Down to the last line, transcribe the records verbatim and exclude the images.

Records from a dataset
/---

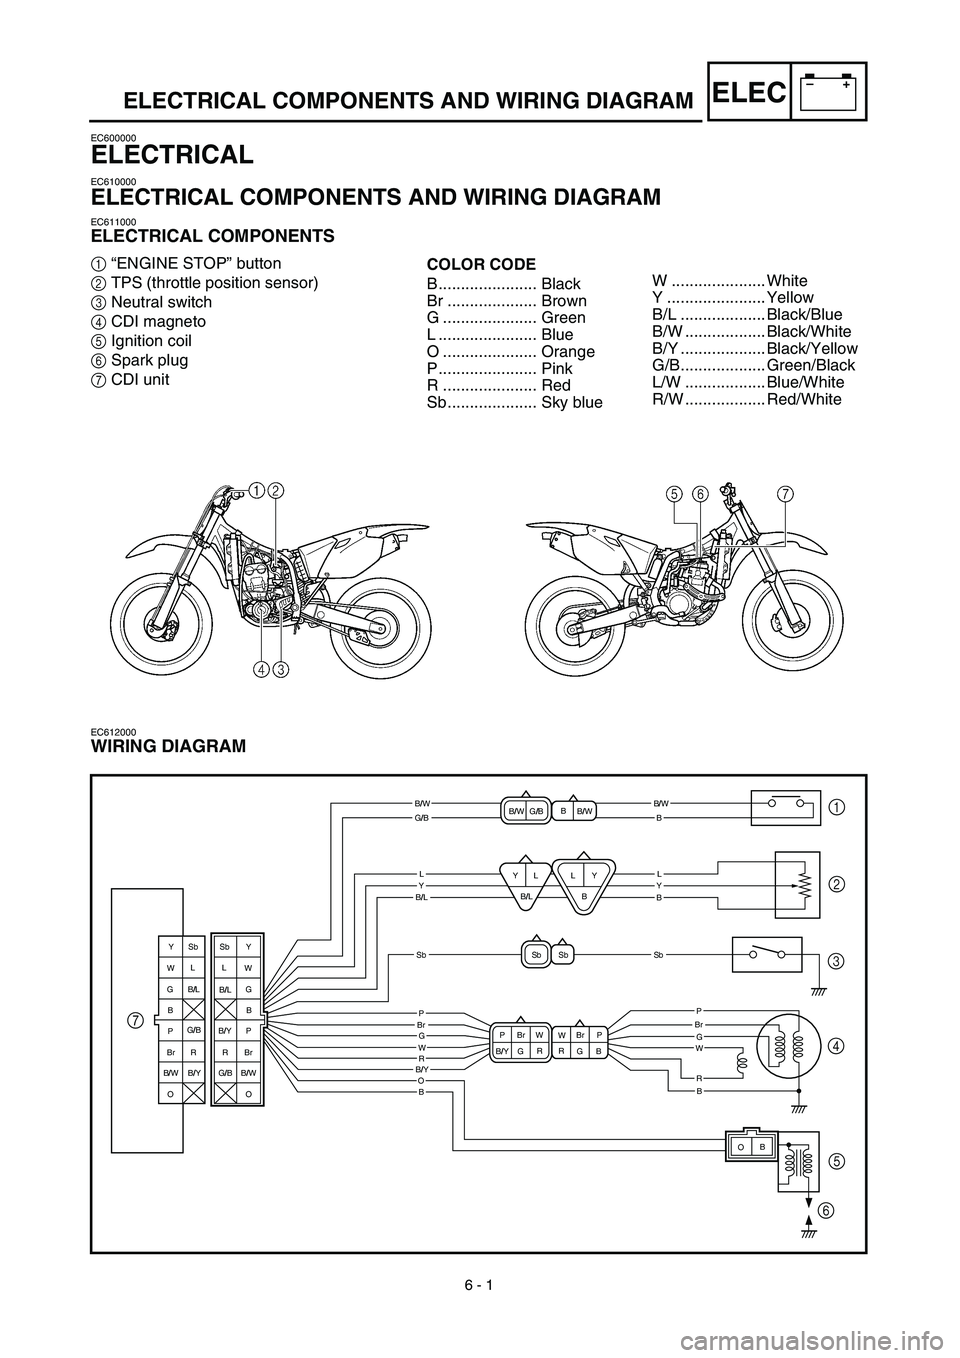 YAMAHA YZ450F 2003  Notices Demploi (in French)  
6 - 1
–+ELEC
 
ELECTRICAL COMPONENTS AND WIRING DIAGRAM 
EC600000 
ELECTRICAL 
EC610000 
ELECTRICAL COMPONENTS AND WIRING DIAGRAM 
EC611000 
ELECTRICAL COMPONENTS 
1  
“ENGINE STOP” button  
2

\---

**RESULT OF THIS EXERCISE**
 YAMAHA YZ450F 2003  Notices Demploi (in French)  
6 - 1
–+ELEC
 
ELECTRICAL COMPONENTS AND WIRING DIAGRAM 
EC600000 
ELECTRICAL 
EC610000 
ELECTRICAL COMPONENTS AND WIRING DIAGRAM 
EC611000 
ELECTRICAL COMPONENTS 
1  
“ENGINE STOP” button  
2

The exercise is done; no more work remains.